Nvidia road to handheld platforms has been long and not exactly successful for a long time. Back in 2003 the company acquired MediaQ company, which supplied graphics processors for various handheld devices. Nvidia re-branded MediaQ’s products into GoForce products and even launched one or two new chips, however, eventually GoForce line fell into oblivion. The second attempt to successfully enter the market of handhelds took place in early 2007, when Nvidia acquired PortalPlayer, the supplier of chips for numerous devices, including Apple iPod. Unfortunately, several months later it appeared that Apple no longer wanted PortalPlayer’s chips.

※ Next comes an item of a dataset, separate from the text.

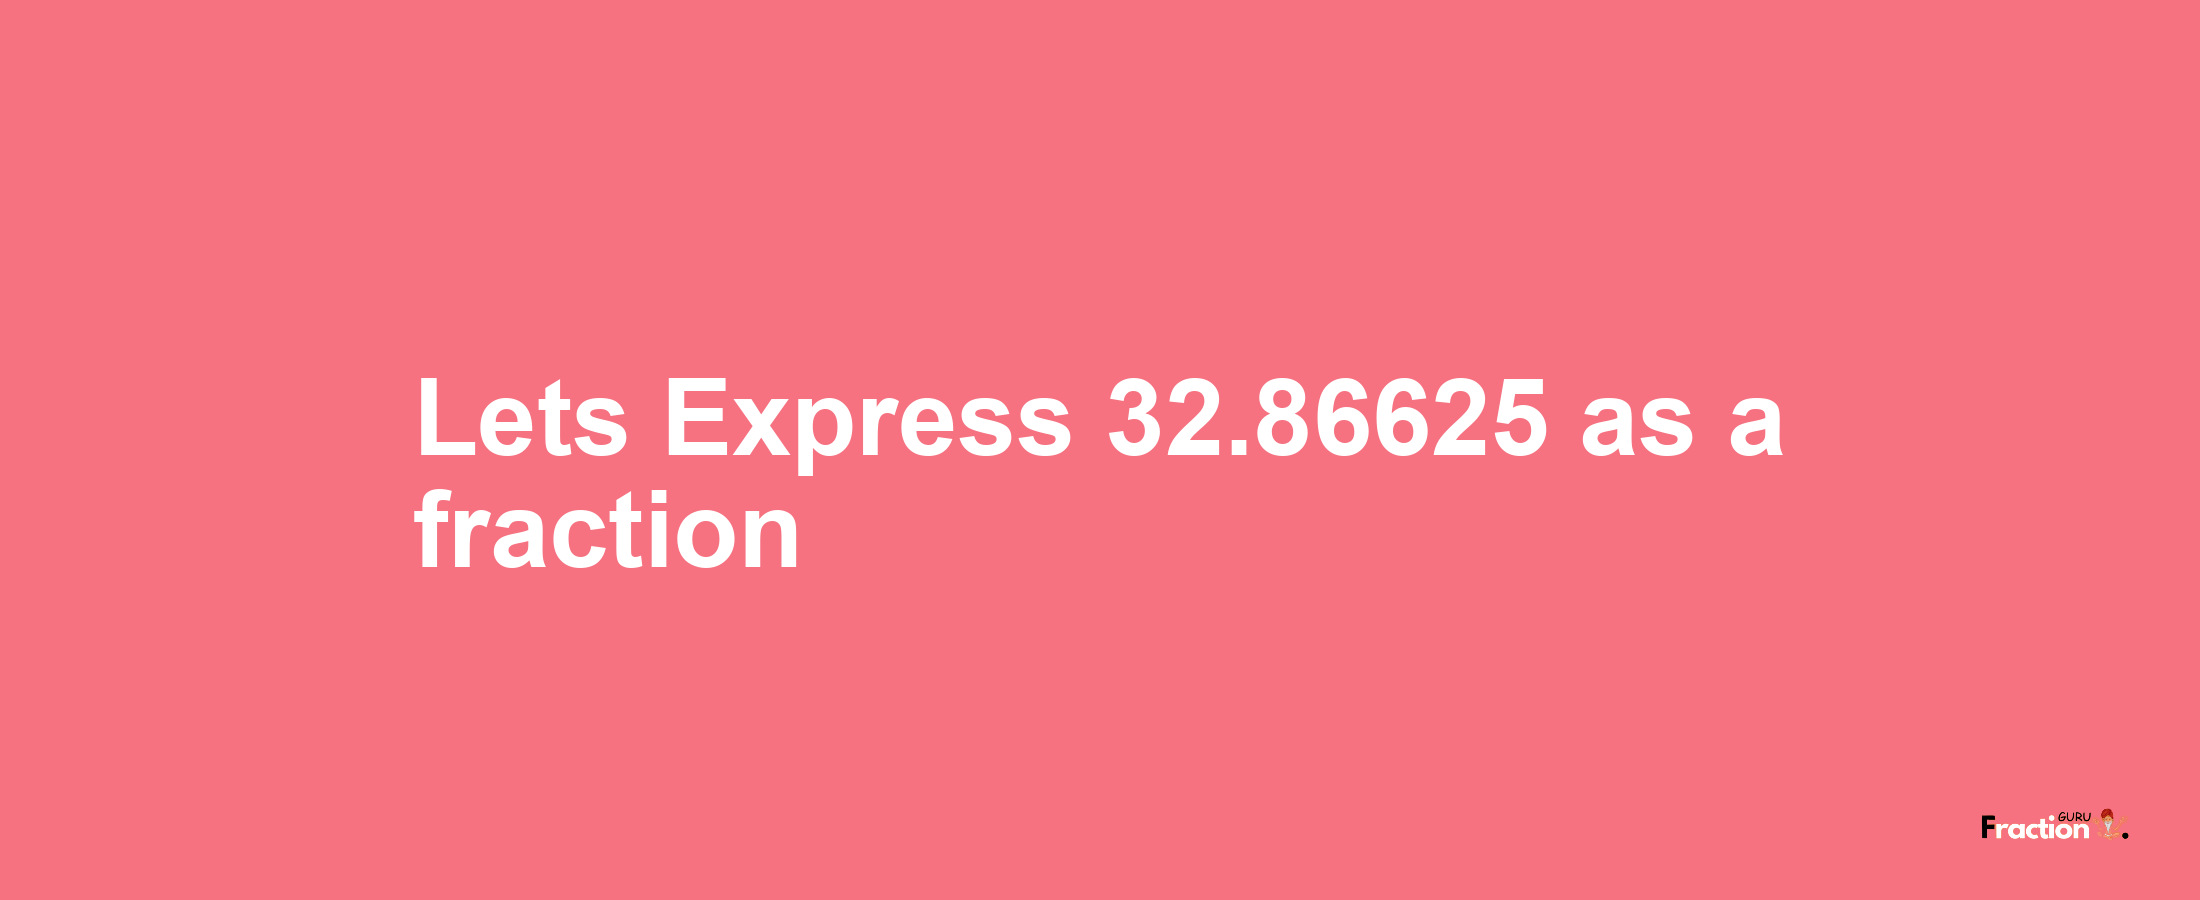 Lets Express 32.86625 as afraction

But there is one thing that Nvidia got with the acquisition of MediaQ and PortalPlayer: the Tegra team. In early 2008 Nvidia unveiled its first own system-on-chip (SoC) device and in mid-2008 the company rolled out a family of Tegra-branded SoCs.

The first-generation Tegra for smartphones has won a number of contracts, but there are still not a lot of actual Nvidia Tegra-based products on the market. The second-generation Tegra SoCs are designed mostly for tablet PCs and since the chip was only launched a couple of months ago, it is hard to expect any devices on its base to be available.

According to the company itself, Tegra has already scored over 50 design wins. In the light of this fact, the company recently merged its SoC and core-logic development groups to create an ultimate team, which, according to some information consists of around 650 engineers. The Santa Clara, California-based chip designer, with the new Tegra group, the company has even more opportunities than before.

“There are a ton of exciting opportunities for us to work on, and you can expect we'll allocate our resources appropriately. One of Nvidia’s great strengths is that we're nimble enough to redeploy resources quickly as business opportunities arise. Tegra has drawn an amazing response from the market,” said Bruce Chan, a spokesman for Nvidia’s Tegra business unit.

One of the main questions at the moment is whether the new Tegra development group will concentrate on a broad lineup of off-the-shelf SoCs, or it will focus on making custom system-on-chips in accordance with concrete demands from Nvidia’s customers. Nvidia does not want to answer this question directly due to natural business reasons.

“We continue to work closely with our partners and customers to support the 50+ Tegra products currently in development,” said Mr. Chan.

There is a lot of noise regarding Nvidia Tegra right now. It remains to be seen when we see actual products and what can Nvidia do with its handset business now that it has 650 engineers working on chips for ultra-mobile devices.

“It is clear that Tegra and Tegra-based devices have captured the imagination of so many people. The schedule for [actual] products is a function of how quickly our customers are ready to bring them to market,” concluded the spokesman for Tegra business unit.

Tags: Nvidia, Tegra


Comments currently: 1
Discussion started: 03/24/10 02:00:26 AM
Latest comment: 03/24/10 02:00:26 AM


So nV buys know how/ high tech companies for big $ that shortly after purchase become near worthless apart from the acquired knowledge base instead of developing its own

They (nV) then channel all employees from the recently acquired and now near worthless companies into a different project that has........... for a change, been implemented by nV

Well that's one way to spend money
0 0 [Posted by: alpha0ne  | Date: 03/24/10 02:00:26 AM]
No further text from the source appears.